Morris came to prominence in August when the Cardinal forward became the first collegiate player to earn a call-up to the U.S. Men’s National Team since Chris Albright in 1999. The 20-year-old proceeded to become the first college player to earn a cap since 1995 in the USMNT’s 4-1 loss to Ireland in November.

With Stanford, Morris was a Hermann Trophy semifinalist and scored four goals and added six assists in 15 starts.

A member of the Seattle Sounders youth setup since 2012, Morris remains eligible for a homegrown player contract with Seattle.


What do you think of the decision? What do you expect from Morris in 2015?

Share your thoughts below.


  1. Maybe heven is just keeping his options open. Once he signs with Seattle he is forever Sounders property. If he waits he could get: 1) a better offer from MLS. 2) a better offer from a non MLS team. 3) a better offer from an overseas club

    And if he ever has to play in MLS, he could choose the team he wants.

  2. Sorry, he is dumb he can turn pro, and still go to Stanford. Its not like being a professional soccer player is a 8-6 job. But I think like many others have stated maybe his intentions for becoming a pro don’t match the ridiculous hype that surrounds him. No more celebratory contracts, time to earn it I’m good with that.

    • “he is dumb”????? Why? He is sophomore at Stanford. He has 2 more years left (if he chooses to finish school). Stanford is $58,388 per year (including $44,184 for tuition). That means he would have to pay $88,000 for tuition not to mention the cost of books. So let’s assume $90,000 for tuition and books. That does not include cost of living.
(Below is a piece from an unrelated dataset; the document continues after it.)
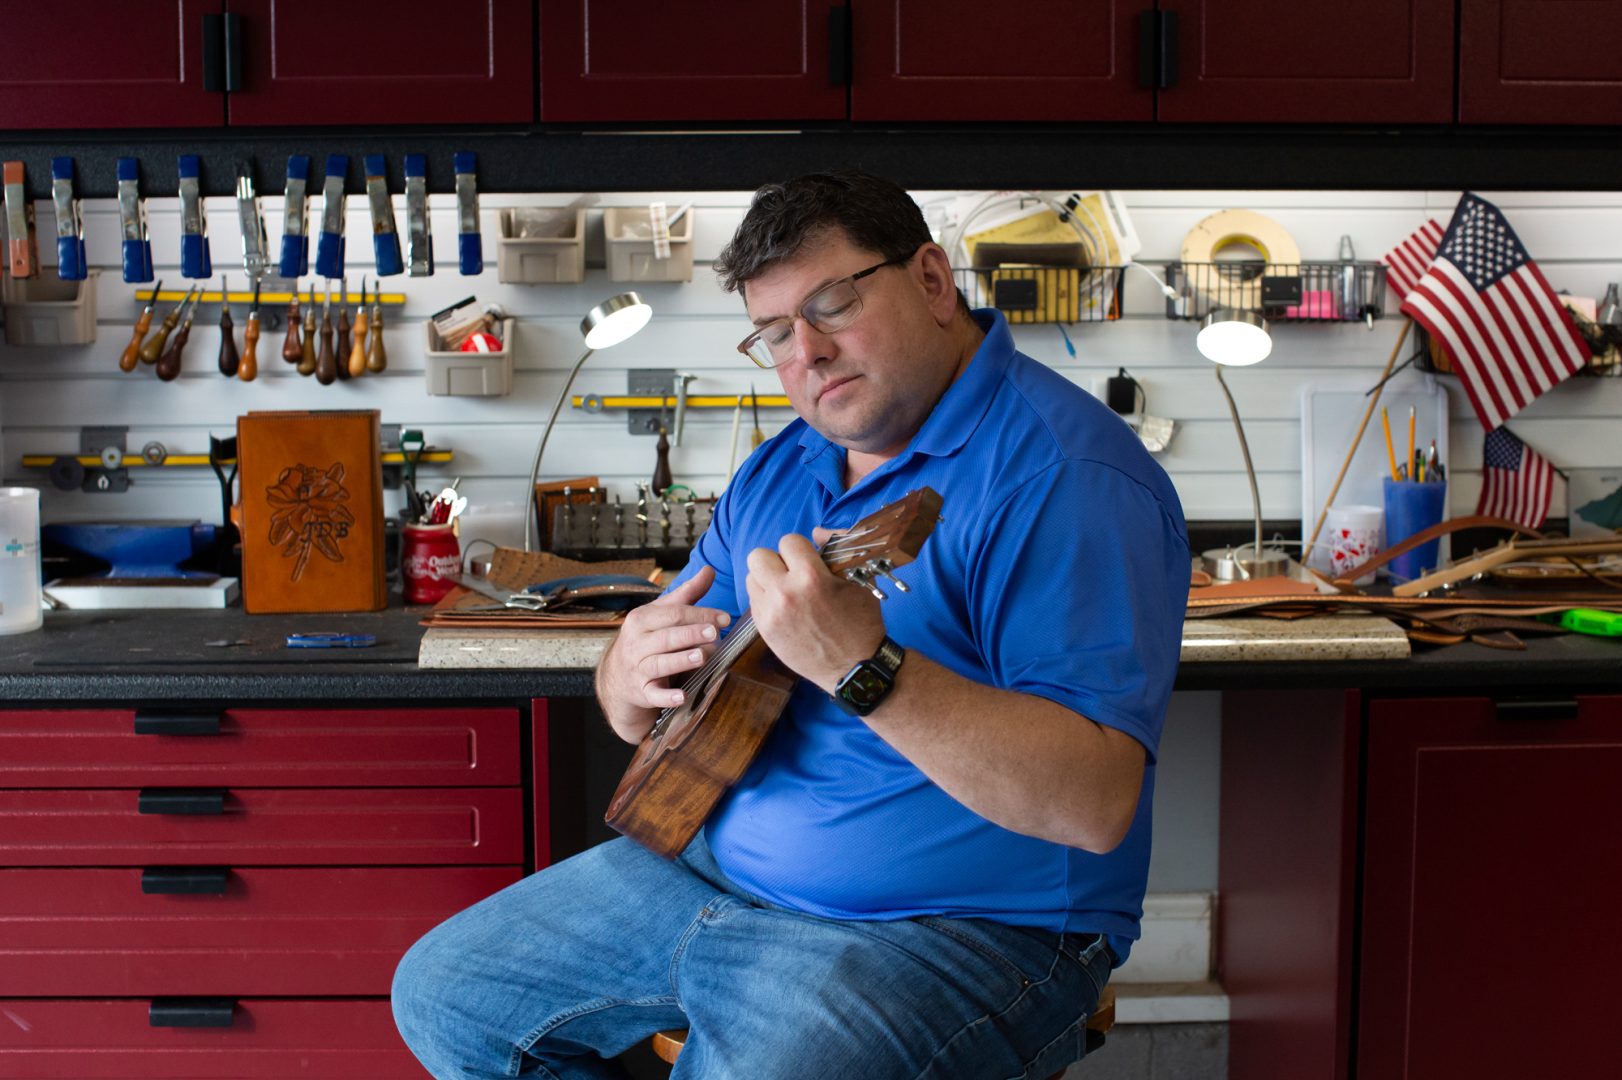 Michael Schneider, a retired Marine Corps Master Sergeant, plays a ukulele in his leatherworking studio at his home in Swansboro, North Carolina on February 12, 2022. He uses art and music therapy to help manage his epilepsy and PTSD following a traumatic brain injury. Schneider explains that by playing music, he can literally stop himself from having a seizure by affecting how his brain is functioning.

      Let’s assume his cost of living (rent, insurance, transportation, entertainment etc) is low, that would still be about 35K (assuming he does not have to buy a car). He would need AT LEAST $80,000-90,000 after taxes each year to pay for tuition and live while playing soccer. That would be roughly $125,000 (depending on what state he lives in). Seeing the median pay is $75,000 in MLS, $125,000 would probably put him in the top 9 or 10%:

      Now, that does not take into account logistics. The only MLS team close to Stanford (to a certain degree) is San Jose, and that is still a hike from Palo Alto. Not to mention, speaking from experience, collegiate soccer takes up approximately 30 hours a week including practice, team meetings, games and commuting to games etc). I got to figure MLS requires more time. Let’s assume 40+ hrs.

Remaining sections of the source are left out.